Fiscal policy is also directing infrastructure investment via the Inflation Reduction Act, the Creating Helpful Incentives to Produce Semiconductors Act, and the Bipartisan Infrastructure Law.
It’s difficult to say if this will be enough to fully expand broadband access to rural areas. The IRA and the Bipartisan Infrastructure Law allocate $274 million and $65 billion to the task, and the private sector is certainly interested in expanding broadband access in its own ways.
However, groups such as the American Society of Civil Engineers and the FCC have questioned whether this amount of government spending will be enough to fully cover every corner of the U.S. with broadband. According to a 2021 study, 65% of U.S. counties have internet speeds below the FCC’s definition of “broadband.”
Many healthcare providers are struggling with the economics of providing complimentary pre-emptive care. They cannot be burdened with also providing complimentary broadband access to their rural patients. The government must take the lead.
Q. You point out that when payers and providers are incentivized to promote health outcomes for patients, then leveraging technology to expand access – which will also increase utilization – can make economic sense. What can hospitals and health systems do to make this happen?
A. Providers that want to lean into this type of alignment need to also control healthcare financing – that is, they need to be integrated with a payer themselves. By controlling the delivery and economics of care, a so-called payvider can, theoretically, align incentives and better promote outcomes.
Of course, this structure alone does not guarantee success. Organizations in this model need to leverage data about their patients, data about their clinical process and understand the cost of providing each unit of care to a specific patient. Generative AI and other advanced technologies are, however, making this a much more manageable prospect.
With proper alignment and analytics, a payvider could be reasonably certain that providing X care to patient Y at cost Z will improve outcomes for the patient in a way that is financially sustainable for the overall organization. Or, if that care plan is not financially sustainable on an individual patient basis, the organization can budget for that and attempt to offset the cost elsewhere, identify clinical or operational improvements in that care plan, or both.
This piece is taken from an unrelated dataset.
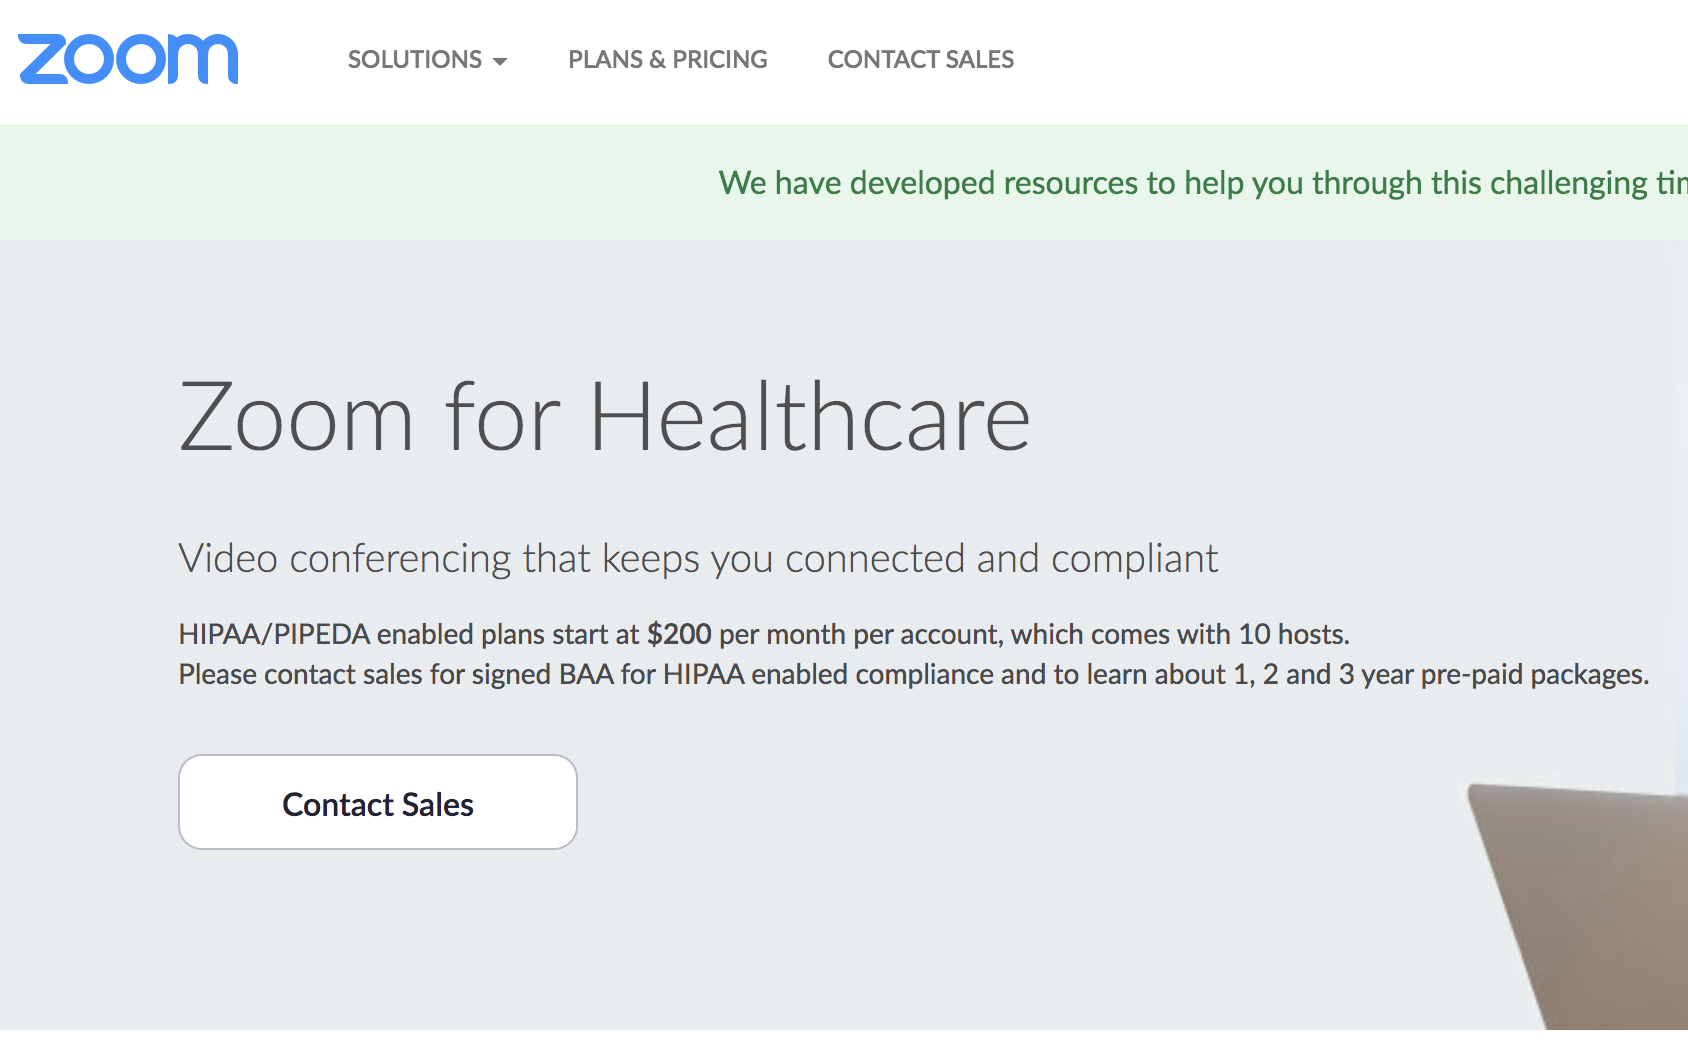 Zoom for Healthcare Pricing

Ultimately, healthcare is a scarce resource. Scarce resources can, generally, either be allocated via a market-based pricing mechanism or through a direct allocation method. Many observers and analysts are concerned – with good reason – that expanding access to care will drive utilization in a financially unsustainable way.
One potential way to address the overutilization concern is to first leverage technology to augment clinical care such that our existing labor pool can provide more care without working more hours. This effectively reduces the scarcity of healthcare.
The second step involves using advanced technologies to make sure that each patient gets the precise care they need at the precise time in a way that improves outcomes and is financially sustainable. These steps were not possible with the technology available even three years ago.